> Exercise requirements:
The whole listing, except its pictures, is to be repeated exactly.

> Data excerpt:
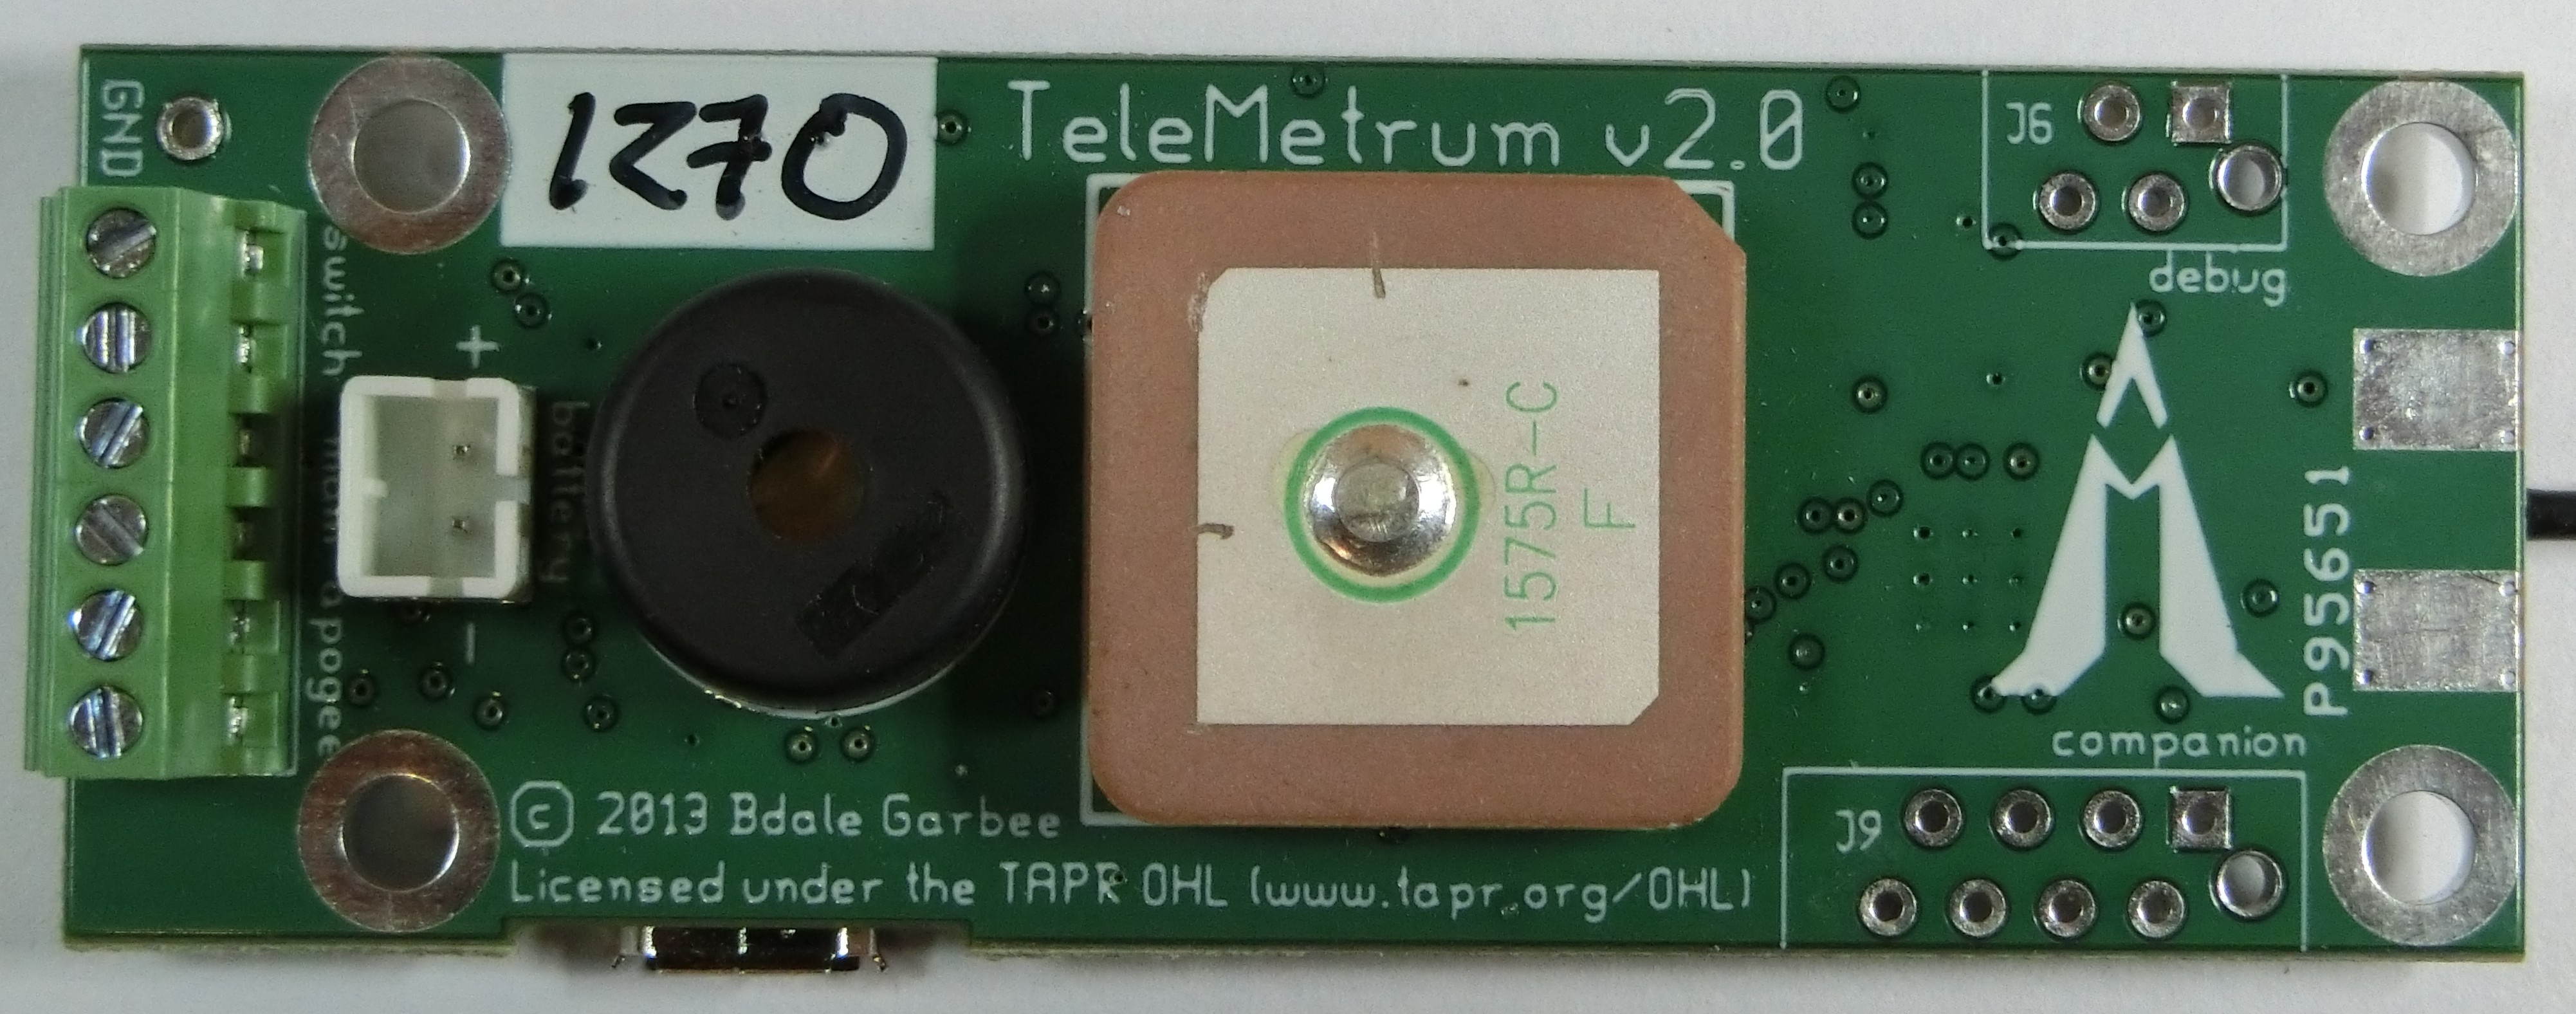 TeleMetrum v2.0
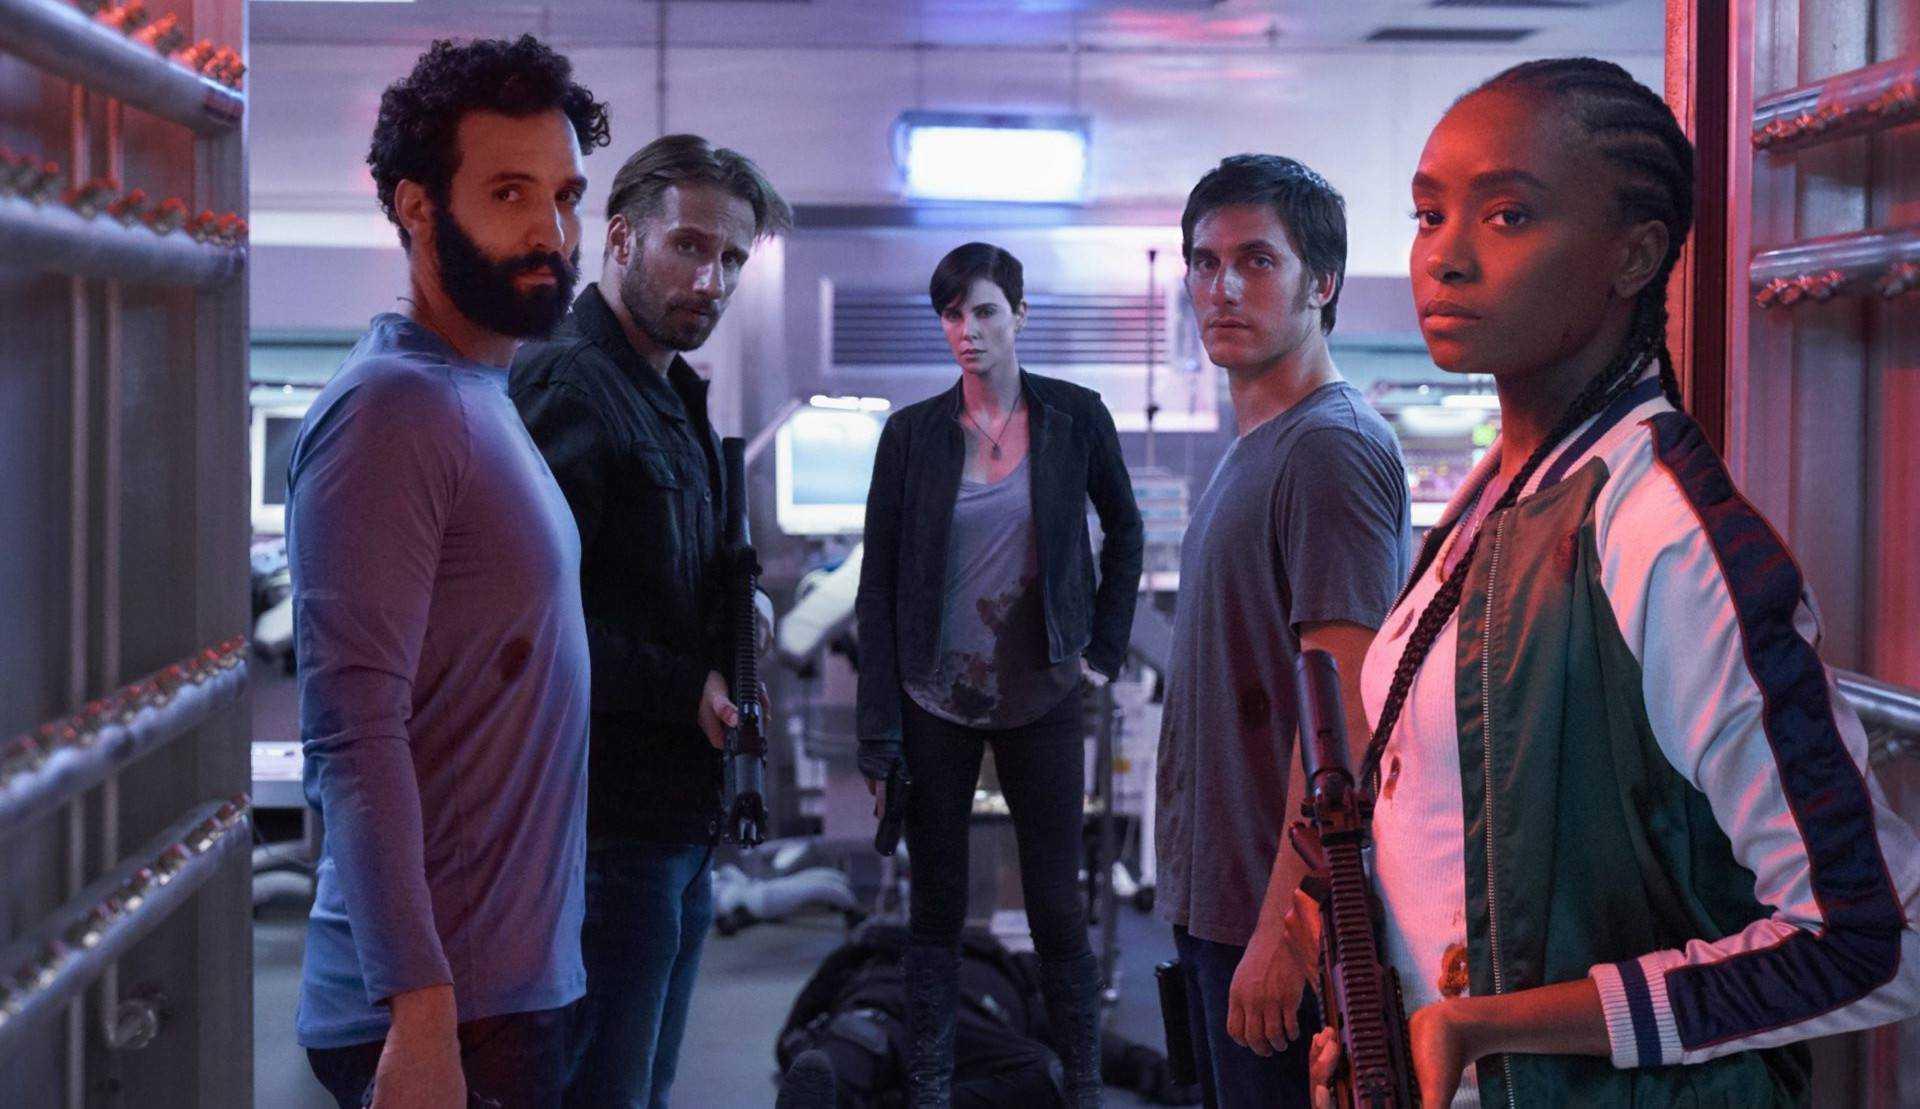 Charlize Theron confirma que roteiro de 'The Old Guard 2' já foi finalizado
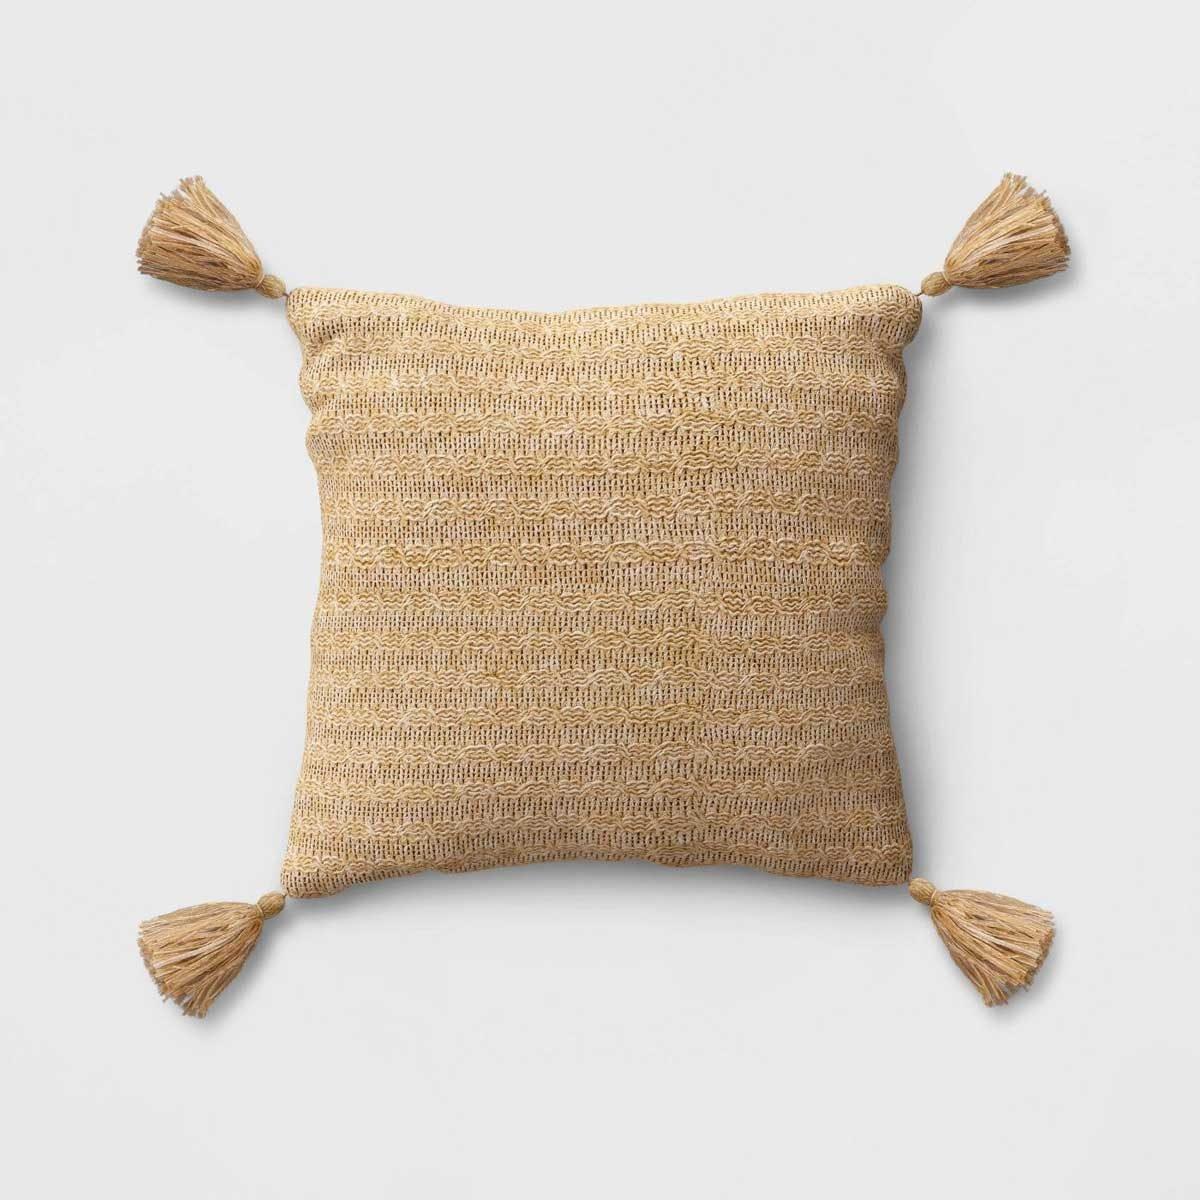 Neutral patio pillow

> Solution for this problem:
 TeleMetrum v2.0
 Charlize Theron confirma que roteiro de 'The Old Guard 2' já foi finalizado
 Neutral patio pillow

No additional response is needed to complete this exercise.